If you’re wondering what makes a great question, a quick internet search for “What questions should I ask at a PhD Interview?” show’s you’re not alone. Some examples of great questions to ask in a PhD interview are:

  • Are there any major developments or partnerships planned for the department? – Although this won’t always be the case, the department may be planning to upgrade its research facilities or partner with another leading institution. Asking about this shows you’re genuinely enthusiastic about undertaking influential research.
  • What are the supervision arrangements? – This is a great way to find out if your expectations match that of your potential supervisors. This can include aspects such as how often the two of you will meet and what level of support they intend to provide.
  • Will there be any opportunities for teaching within the department? – If you intend to pursue an academic career after completing your research, this will be a brilliant way to show them you’re committed to your long-term plans. Even if you plan on following a different career path, asking will let you know whether there is any opportunity to earn whilst you study.
  • What opportunities will I have for presenting my research? – This shows you intend to be an active member within your research field. This won’t be great only for your development but will help the university increase its research network and reputation in the wider community.
Try to have around four to five PhD interview questions prepared in case they answer any during your main discussion. There’s nothing worse than trying to think on your feet when you weren’t expecting to, especially when your future is being discussed!

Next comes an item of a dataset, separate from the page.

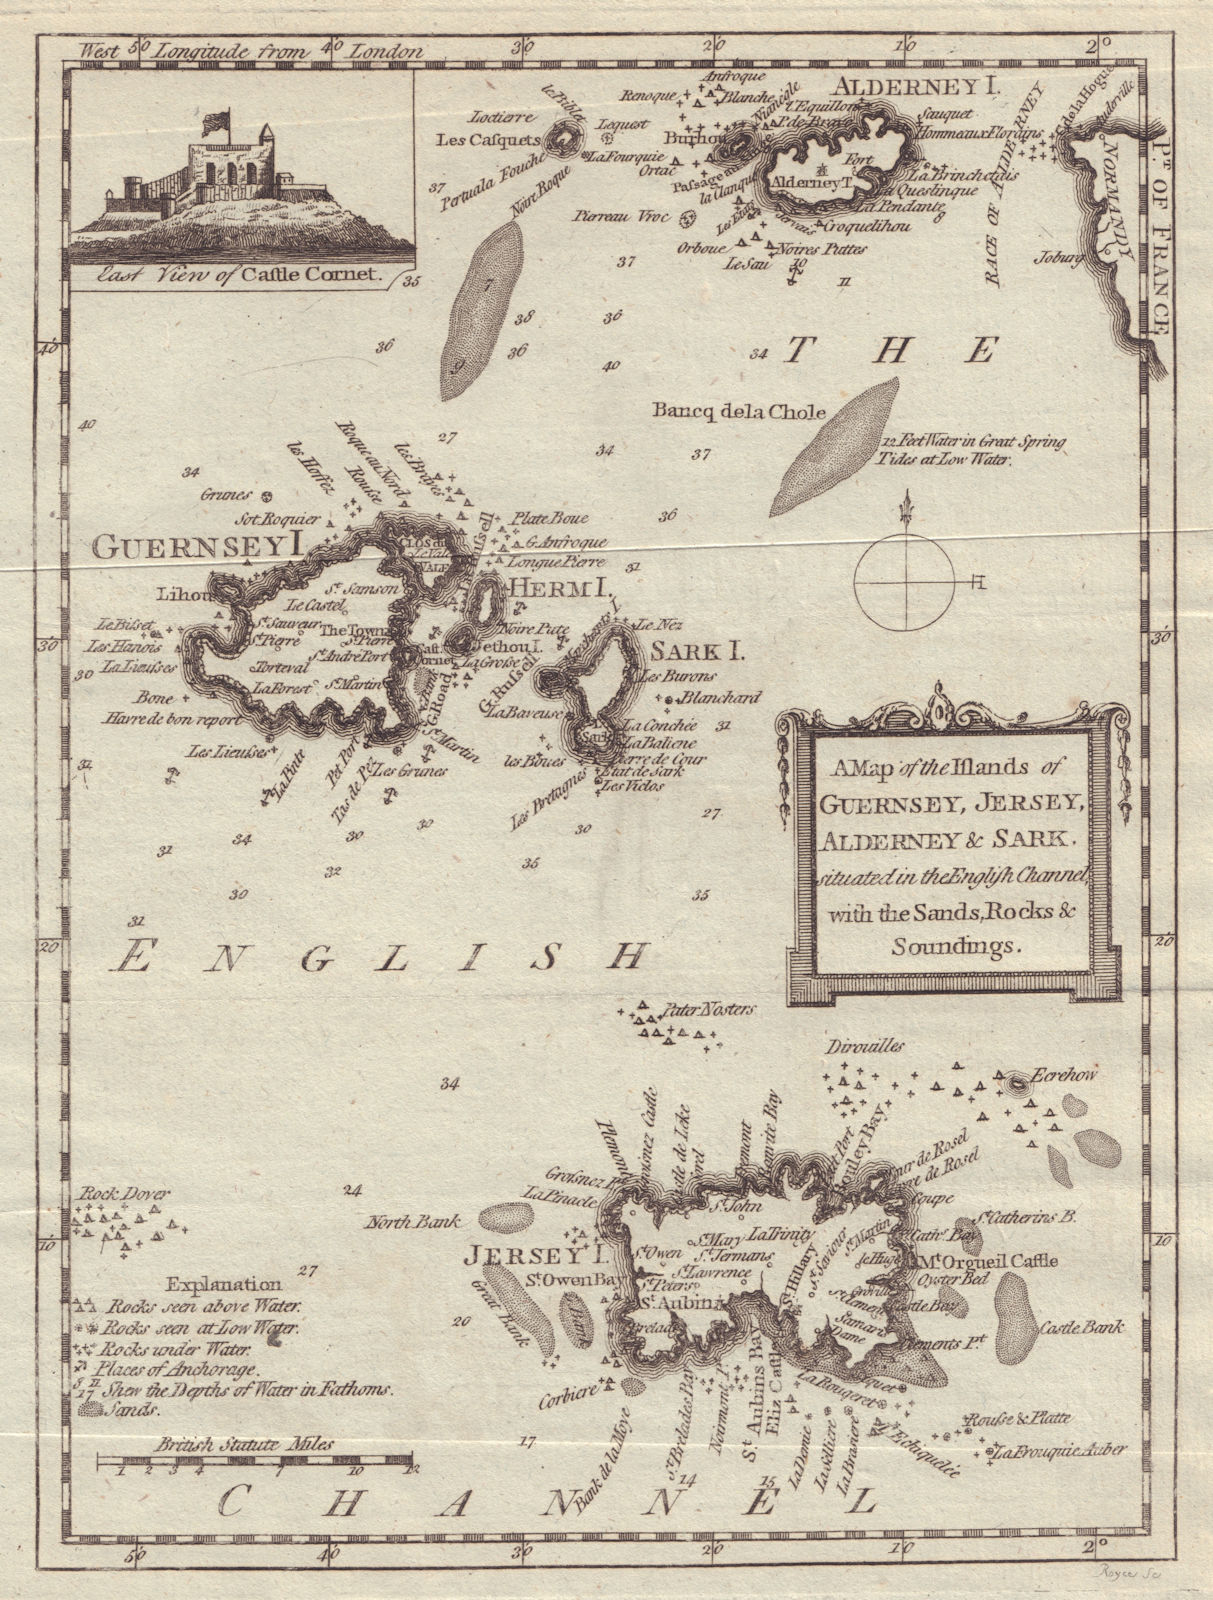 Associate Product The [Channel] Islands of Guernsey, Jersey, Alderney & Sark… GENTS MAG 1779 map

Other PhD Interview Tips and Advice to Help You Prepare

  • Format – The format of the PhD interview varies depending on the University. If you’re unsure of what format your upcoming interview will follow, get in touch with the department you will interview with. They should be able to give you an idea about what to expect and how long it will typically last. This knowledge will prove invaluable when preparing for a PhD interview.
  • Video interview – Some interviews will be conducted as either a phone interview or a skype interview. This is especially true if you’re an international student still within your home country. If so, conduct your interview in a place with a reliable internet connection and a clean backdrop.
  • Attendance – Usually, your interview will comprise the primary and secondary supervisor. However, sometimes your interview panel can comprise non-technical staff or the Head of Department.
  • Presentation – You may be asked to prepare a PhD interview presentation if you’re proposing your own research topic. If you’re requested to do this, keep it brief, use at least 80% of the time they permit and base it around your research proposal.
  • Paperwork – Bring two to three copies of your application form, and if applicable, your research proposal. Although in most cases your interviewers would have bought their own copy, it’s better to be on the safe side.
  • Etiquette – If you’re unsure of what to wear to a PhD interview, a good general rule of thumb is to wear what you would to a formal job interview. In other words, keep it formal. Additionally, learn how to pronounce the names of the interviewers and any other staff members you may mention beforehand.
  • Practice – There’s a lot of truth in the old saying ‘practice makes perfect’. You will want to practise as many PhD interview questions as you can. Don’t just limit yourself to the ones discussed on here. Find as many PhD questions as you can and prepare draft answers for all of them. In fact, you don’t even need to limit yourself to questions specifically for PhD students. There are many out there that, although written for generic academic interviews or the job market, will be applicable to you. If you find yourself short on resources, try searching for ‘tell us a time when you…’ in google as these will provide great scenario-based questions you can practise with.